I’m not quite that logical. In fact, some of my chapters are considerably smaller than others. Some of my articles are considerably longer, especially if I get on a tear and really start to rant.
They (who?) say your second million words are better than your first million. The first million is mostly crap, as I can attest. I suppose this theory is based in part on Malcolm Gladwell’s Outliers. This book explores the premise that in order to be good at anything, one must practice the activity for at least 10,000 hours. Roughly speaking, at 40 hours a week, that’s about ten years of work.
Translated to writing (I only WISH I had 40 hours a week to write!), a prolific writer might hit a million words in a few years. I decided to add up my words while waiting for a guy to give me a quote on replacing my fence.

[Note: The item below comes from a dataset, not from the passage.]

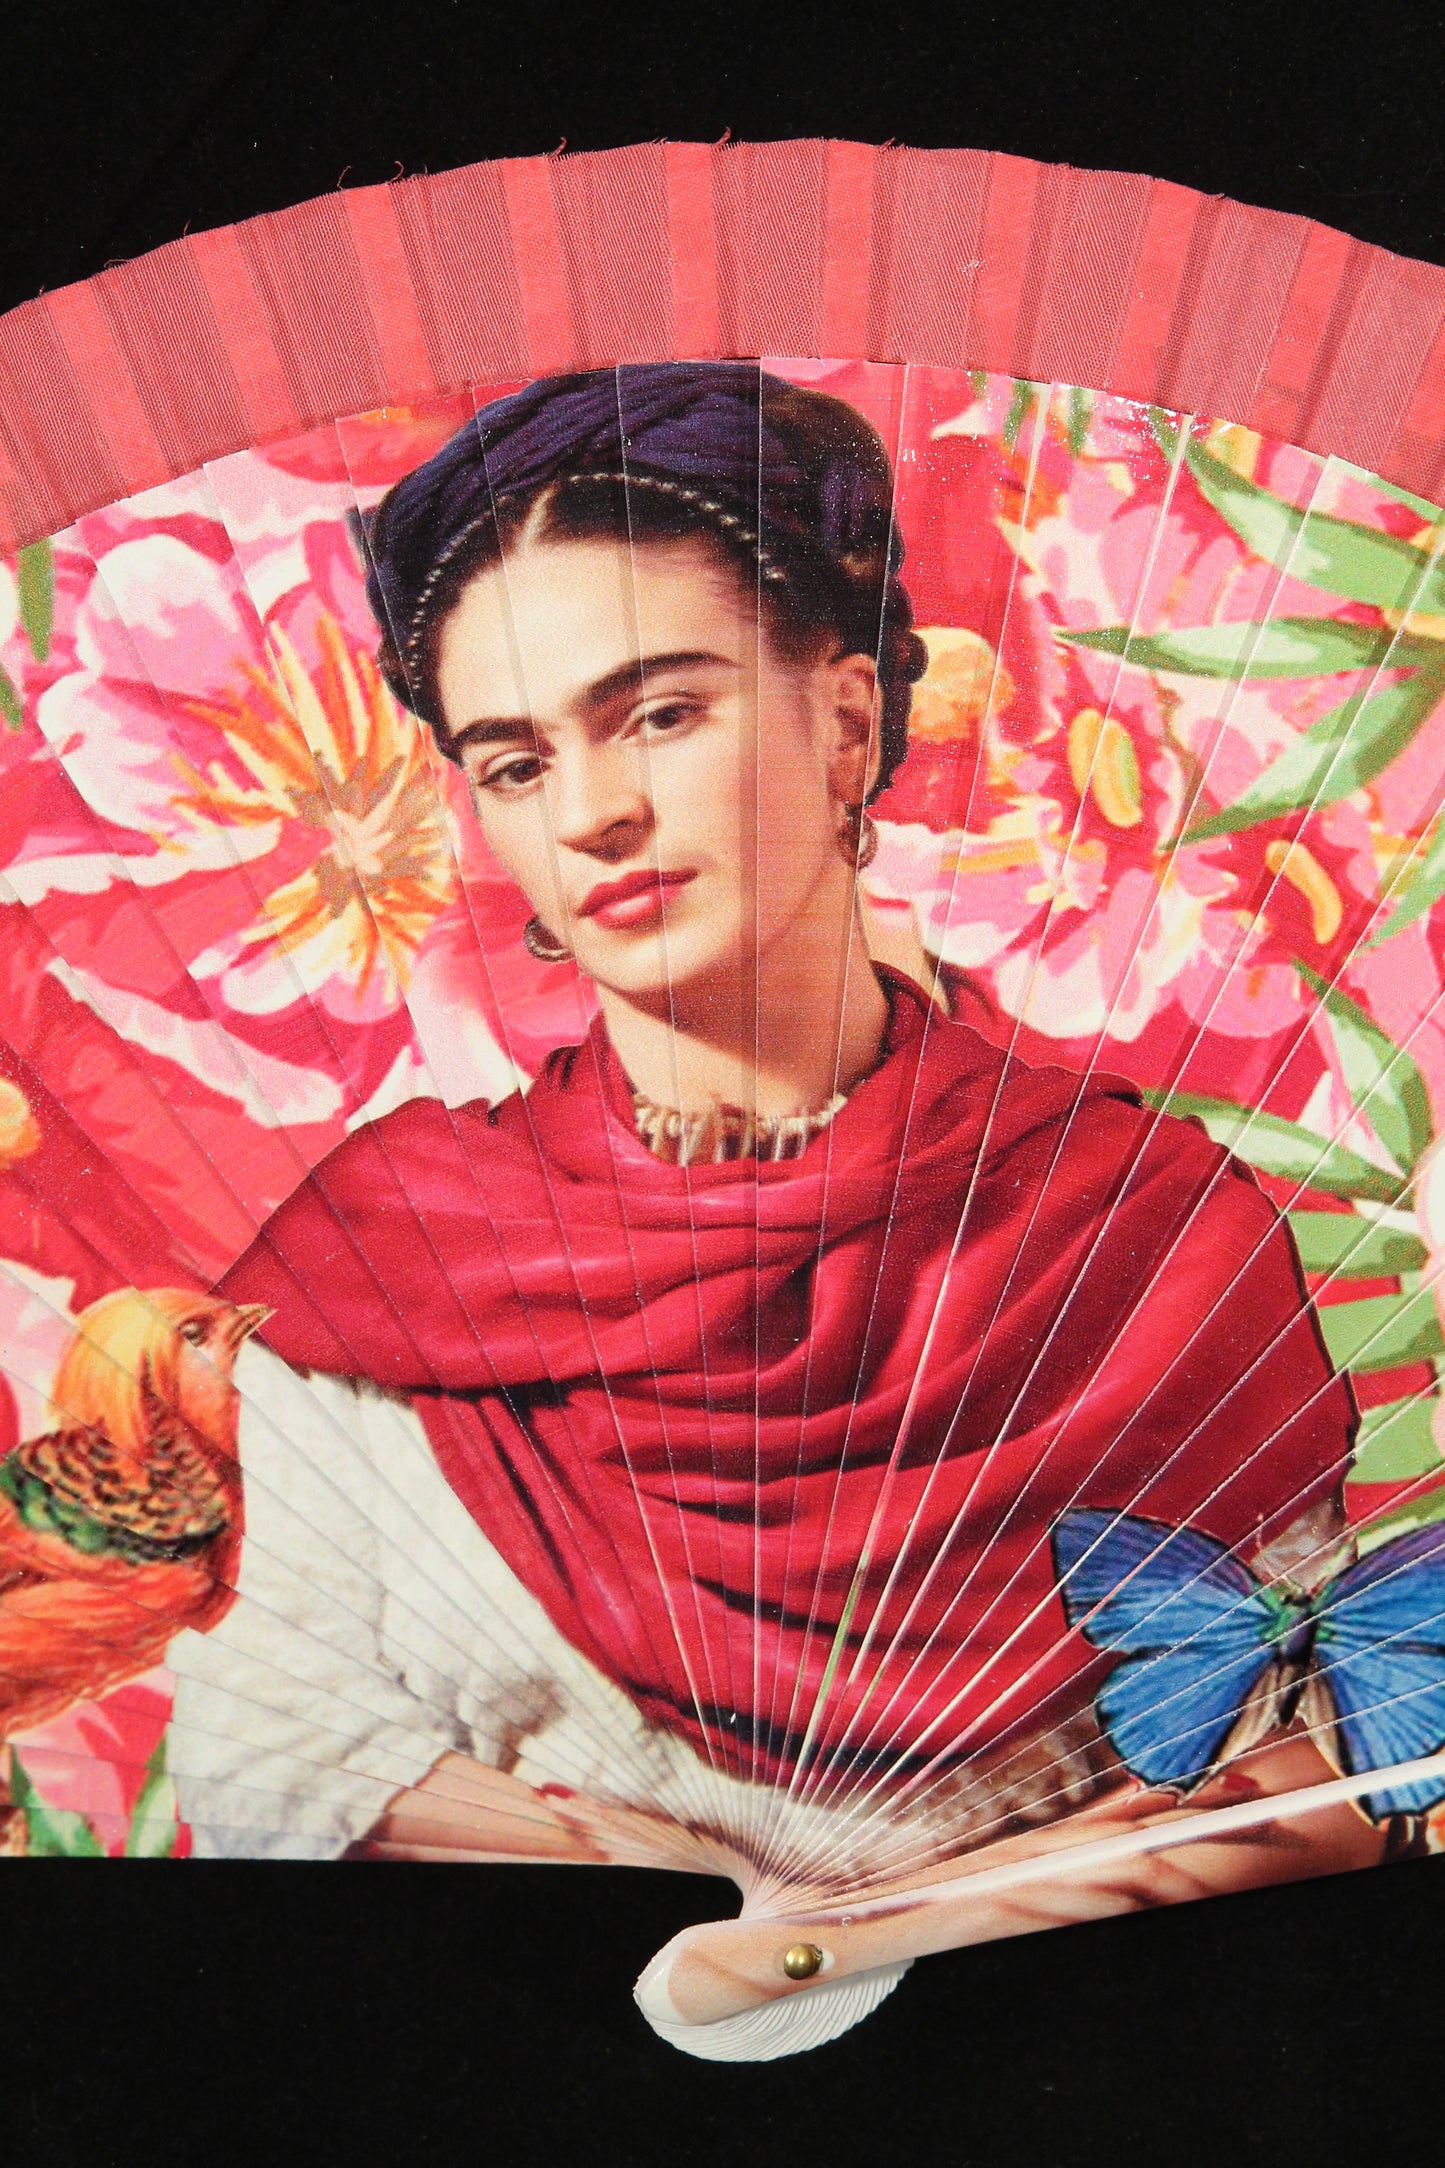 New "Frida" Hand Fan Direct from Spain Lacquered Wood/Paper, Pink

While blogging at the ominous Orange Haze at the far end of the Internet, I probably wrote 1,000 words a day, sometimes more, sometimes less. In a little more than two years, I figure my word count for the Orange Bubble was around 500K. When I look back, much of it was not very “literary” but it was awfully damned fun.
Add to the early blogging one very large, epic, and completely unreadable novel of 175K, another around 100K, and a novella of 40K, and three WIP in the 20-40K range (they are all related to each other, so I’m doing them in tandem), my blog here, my work elsewhere, and we are talking about a substantial pile of words. If you toss on that stack everything I’ve ever written, including the folk songs of the 1970s, the 900 love letters of the 1980s (to my husband), and the myriad of letters to teachers excusing my kids for orthodontia and begging their forgiveness for my kids’ rowdiness in the 1990s, I’m fairly confident that my lifetime total word count is well over a million.
*sigh*
Now that it’s been established that I’m on my second million words, I think it’s time to concentrate on quality, not quantity. Although there is something positive to be said about an embarrassment of words. Too many, and you can cut. Too few, and you have to kick the imagination into gear to fill in those missing moments.
It’s also time to get serious. Which is why I’m now going back to my outline.